CHAPTER XXVIII
IN THE MATTER OF A MOTIVE
That was between eight and nine o'clock at night; before ten an outrageous thought occurred to the man with the undisciplined imagination. It closed his mind to the tragedy of an hour ago, to the dead man lying upstairs, whose low and eager voice still went on and on in his ears. It was a thought that possessed Langholm like an unclean spirit from the moment in which he raised his eyes from the last words of the manuscript to which the dead man had referred.
In the long, low room that Langholm lived in a fire was necessary in damp weather, irrespective of the season. It was on the fire that his eyes fell, straight from the paper in his hand ...
No one else had read it. There was an explicit assurance on the point. The Chelsea landlady had no idea that such a statement was in existence; she would certainly have destroyed it if she had known; and further written details convinced Langholm that the woman would never speak of her own accord. There were strange sidelights on the feelings which the young Italian had inspired in an unlikely breast; a mother could have done no more to shield him. On the night of the acquittal, for example, when he was slowly recovering in her house, it had since come to the writer's knowledge that this woman had turned Mrs. Minchin from her door with a lying statement as to his whereabouts. This he mentioned to confirm his declaration that he always meant to tell the truth to Rachel, that it was his first resolve in the early stages of his recovery, long before he knew of her arrest and trial, and that this woman was aware of that resolve as of all else. But he doubted whether she could be made to speak, though he hoped that for his sake she would. And Langholm grinned with set teeth as he turned back to this passage: he would be diabolically safe.
It was only an evil thought. He did not admit it as a temptation.
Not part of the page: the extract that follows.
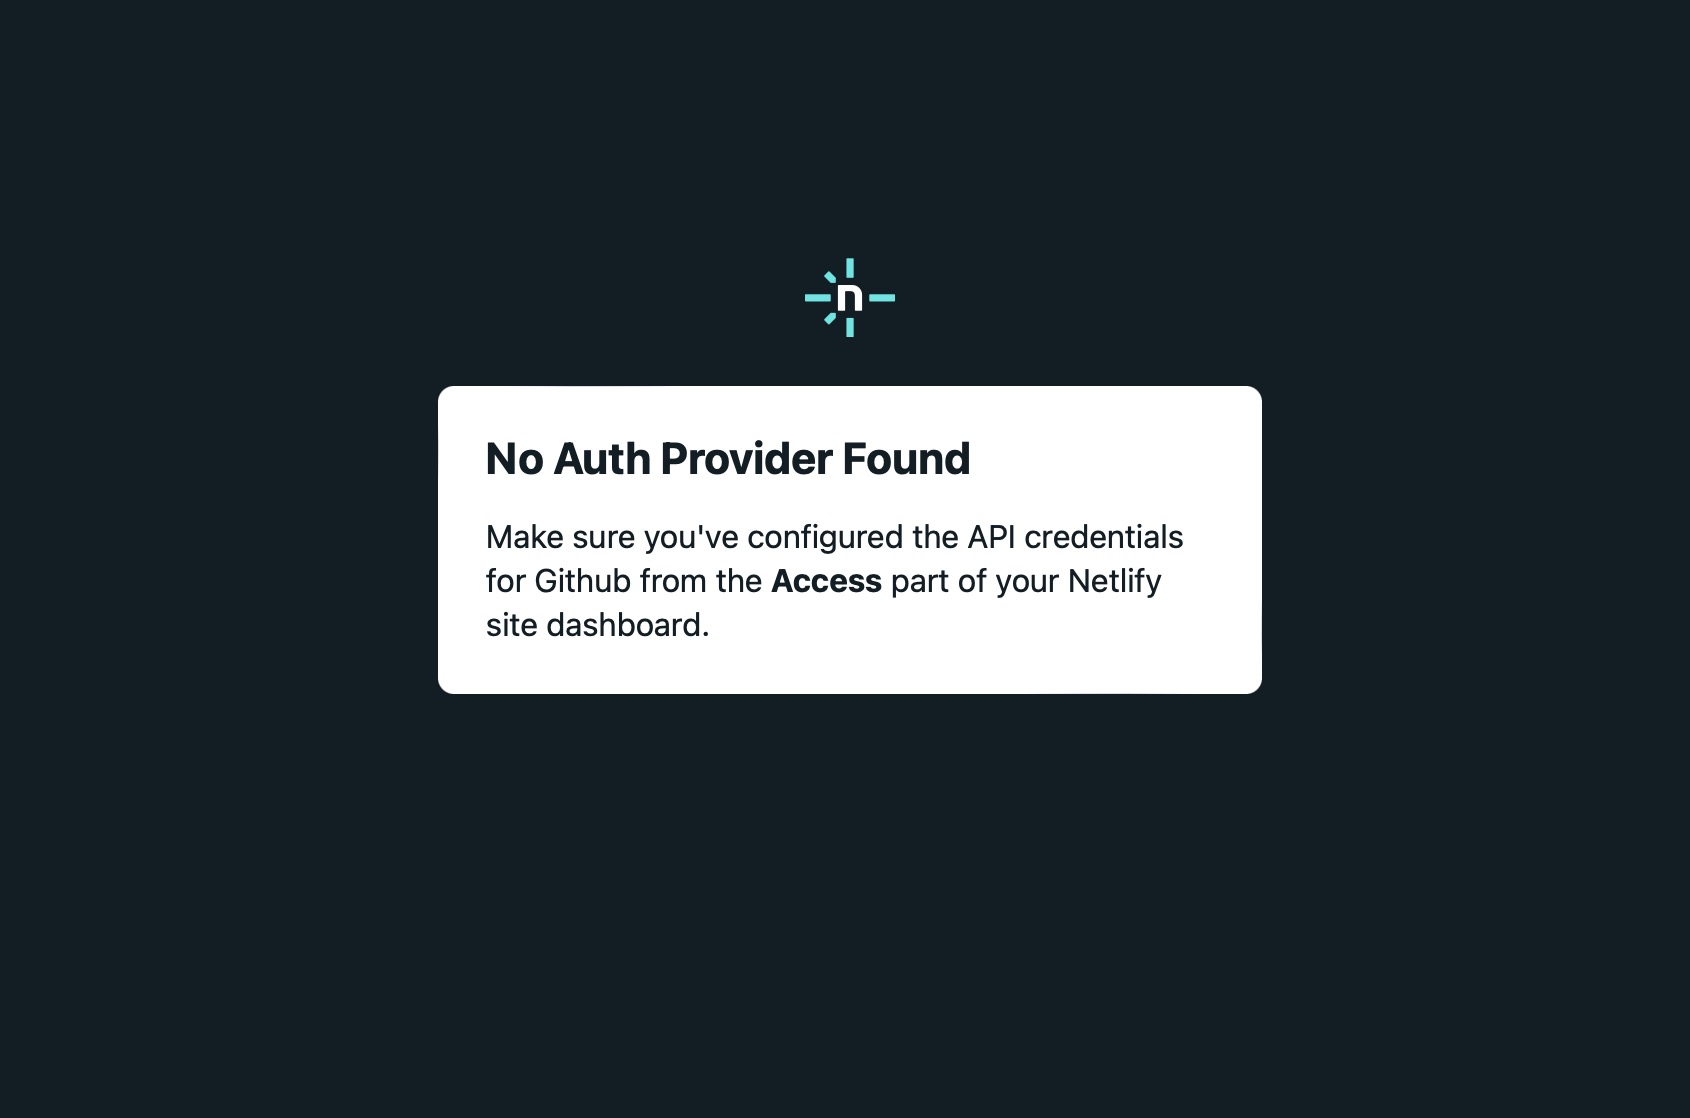 If you click in Login with GitHub, you get and error pointing you to access your netlify panel and add Github as an Auth Provider

Yet how it stuck, and how it grew!
There was the fire, as though lit on purpose; in a minute the written evidence could be destroyed for ever; and there was no other kind. Dead men tell no tales, and live men only those that suit them!
It all fitted in so marvellously. To a villain it would have been less a temptation than a veritable gift of his ends. Langholm almost wished he were a villain.
There was Steel. Something remained for explanation there, but there really was a case against him. The villain would let that case come on; the would-be villain did so in his own ready fancy, and the end of it was a world without Steel but not without his wife; only, she would be Steel's wife no more.